▸ **Information provided**
>>>>>

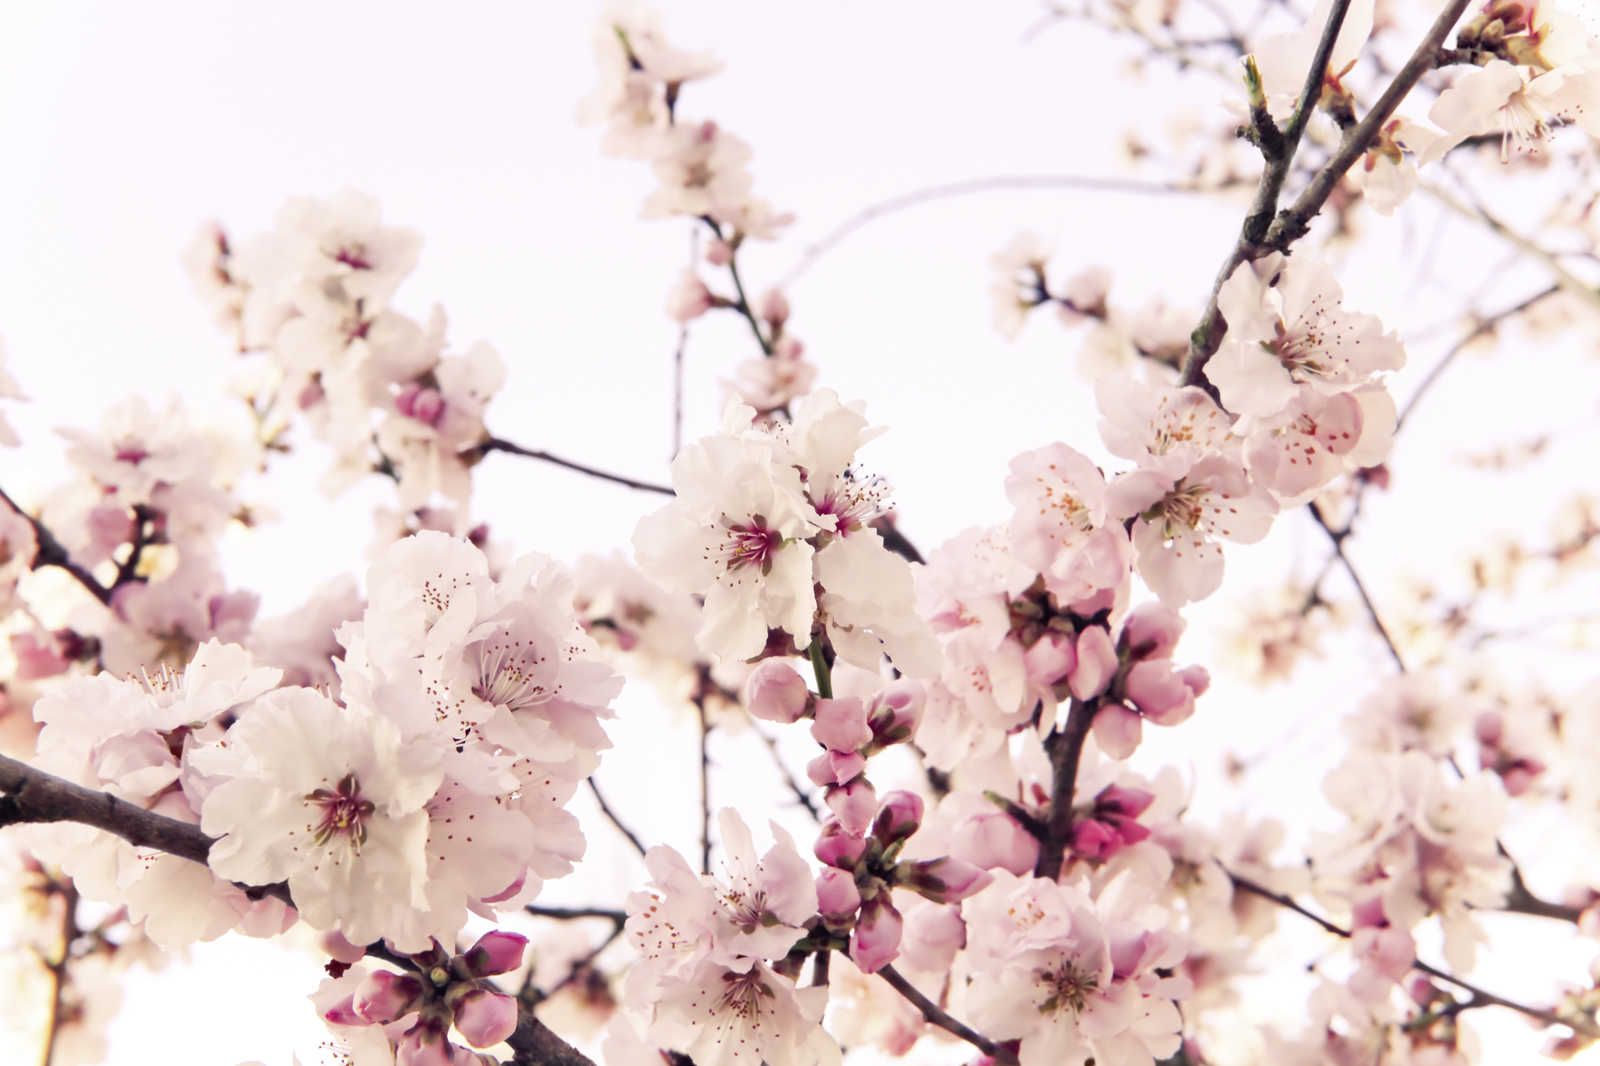             Naturel toile avec des fleurs de cerisier - 0,90 m x 0,60 m
        
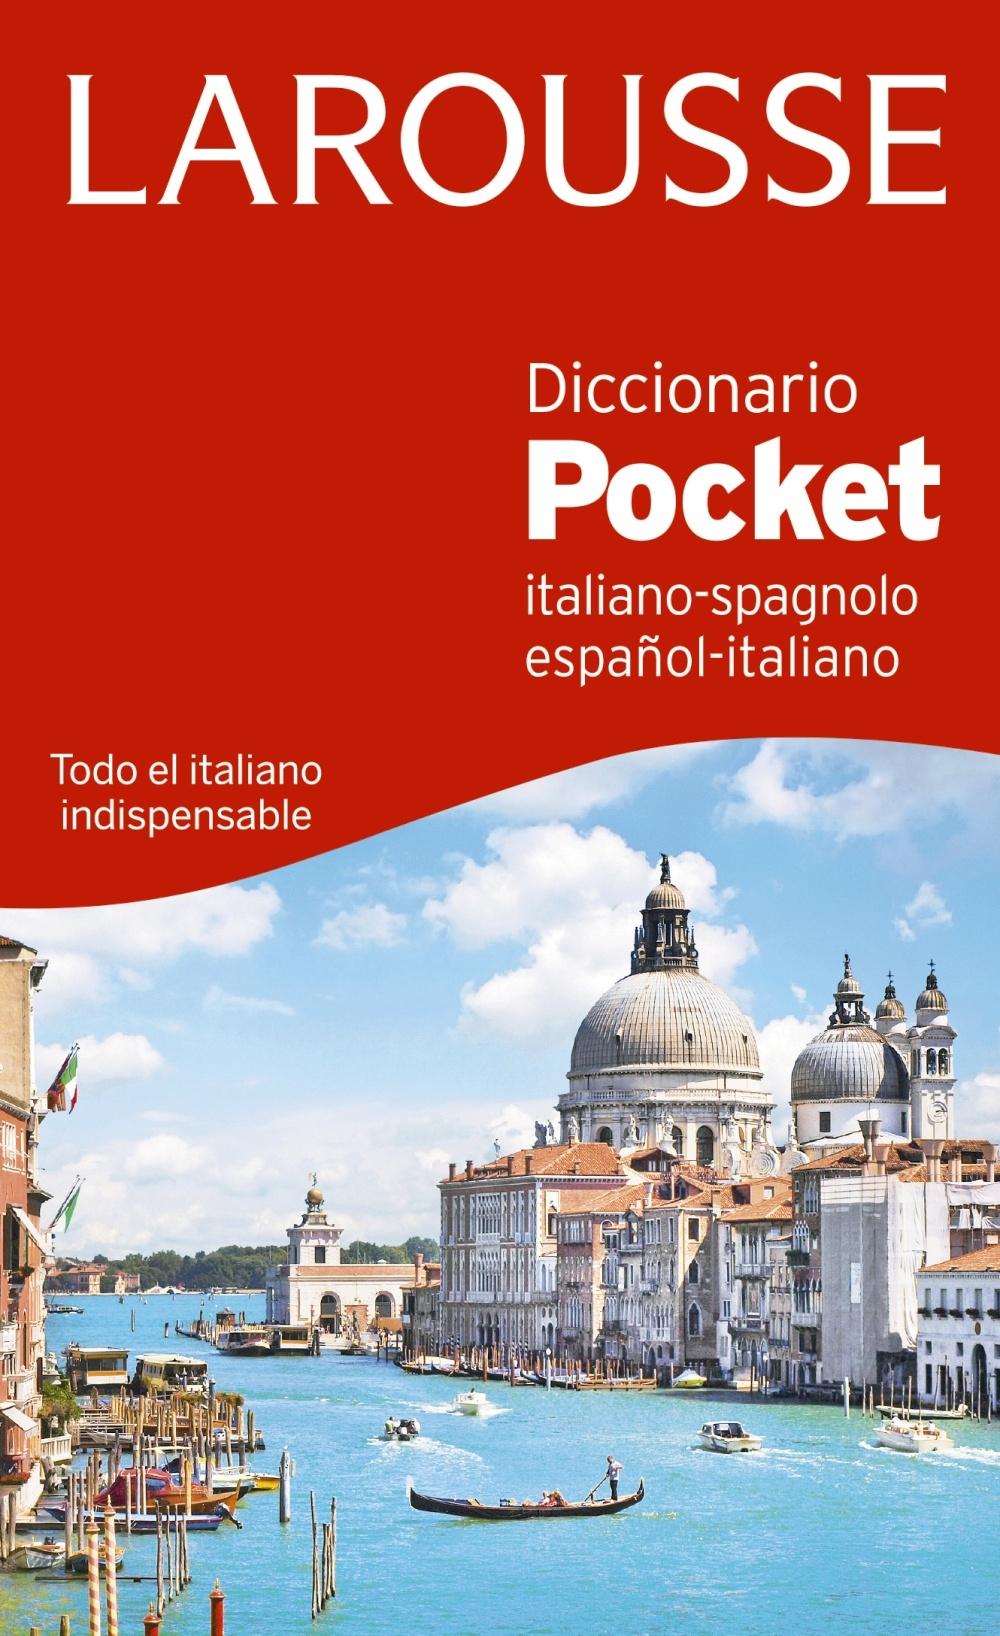 Diccionario Pocket Español-Italiano / Italiano-Spagnolo. 
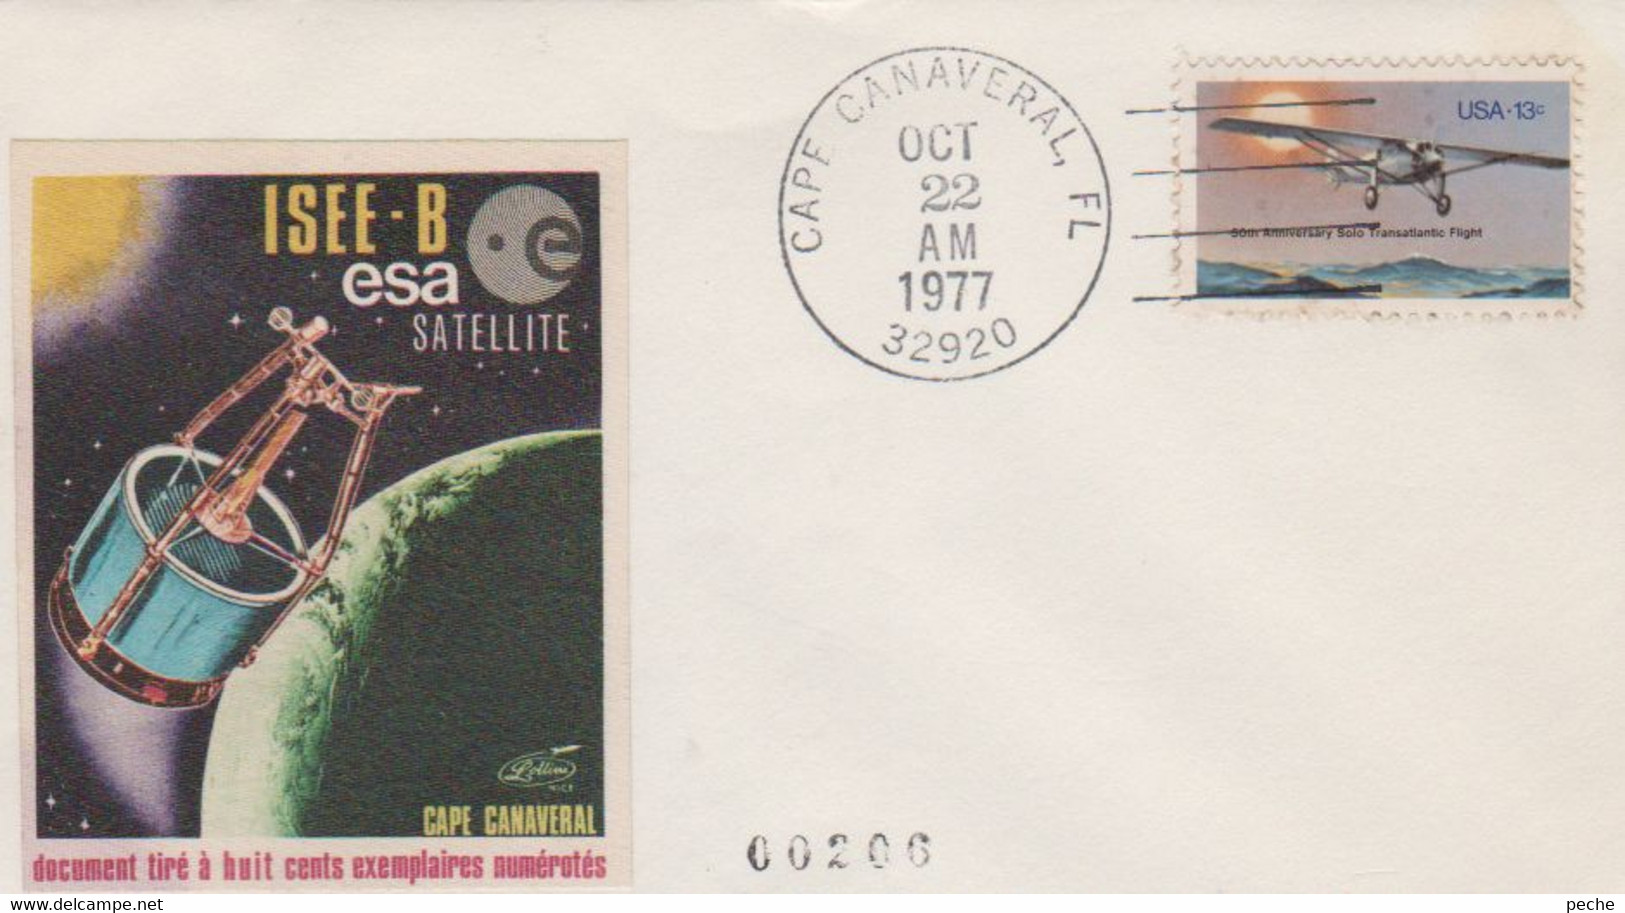 N°1181 N -lettre (cover) -ISEE - B -Esa Satellite- - United States
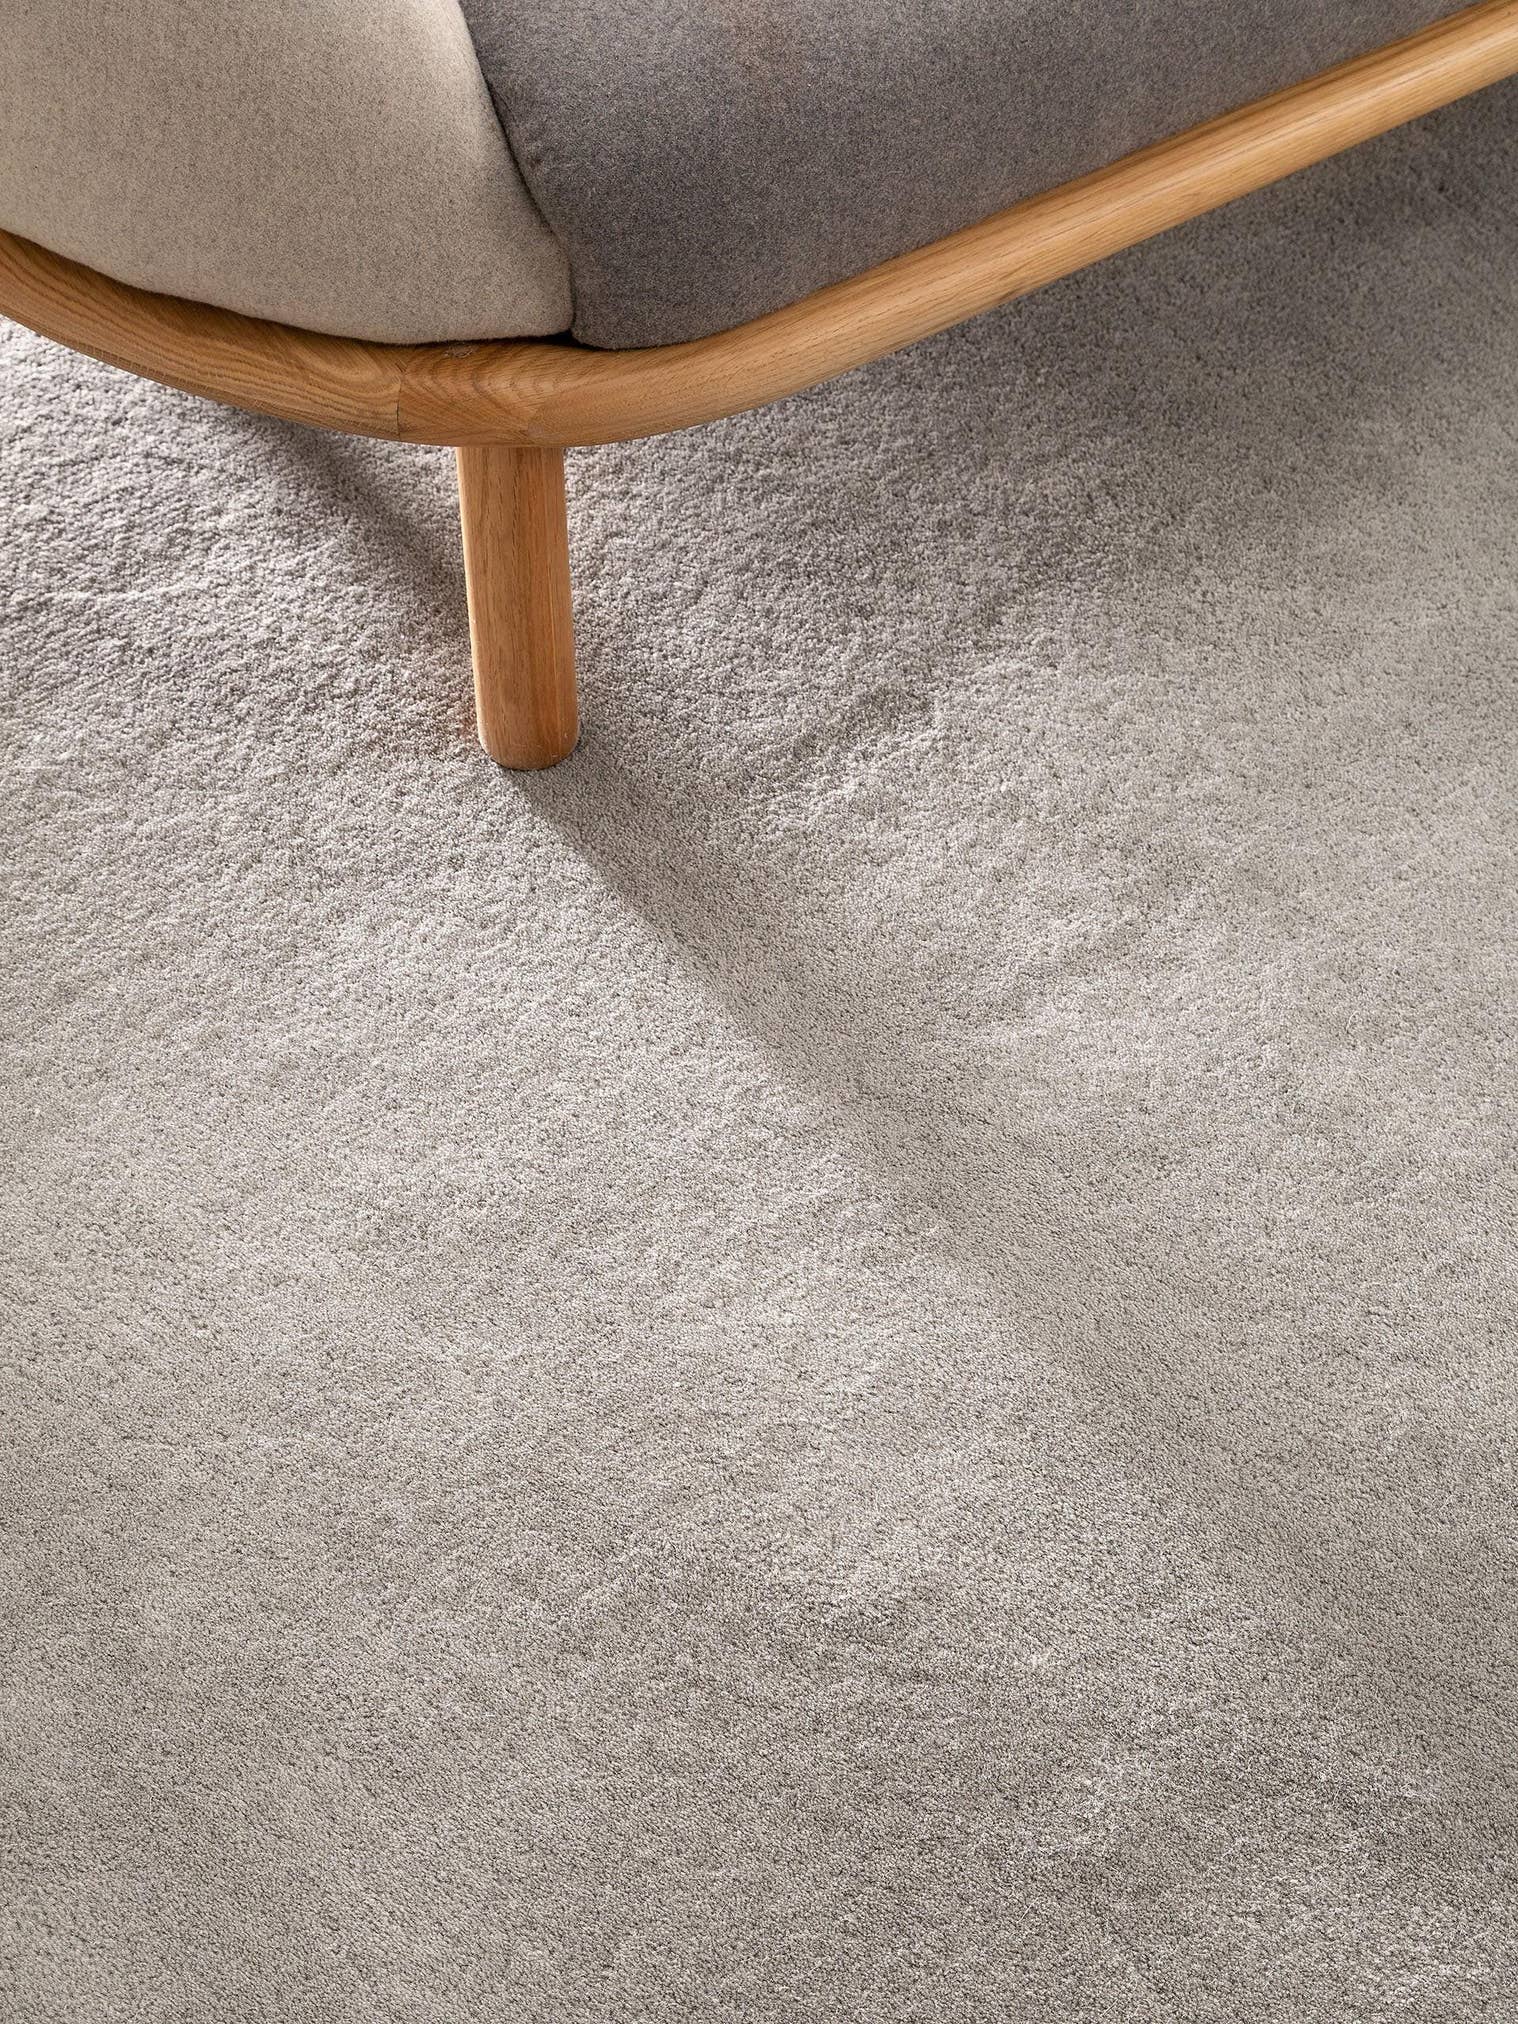 Teppich aus 100% Wolle in Grau mit 6 bis 10 mm hohem Flor von benuta Nest

<<<<<

▸ **Problem to work on**
Copy the listing verbatim, omitting images.

▸ **Answer for this exercise**
             Naturel toile avec des fleurs de cerisier - 0,90 m x 0,60 m
        
 Diccionario Pocket Español-Italiano / Italiano-Spagnolo. 
 N°1181 N -lettre (cover) -ISEE - B -Esa Satellite- - United States
 Teppich aus 100% Wolle in Grau mit 6 bis 10 mm hohem Flor von benuta Nest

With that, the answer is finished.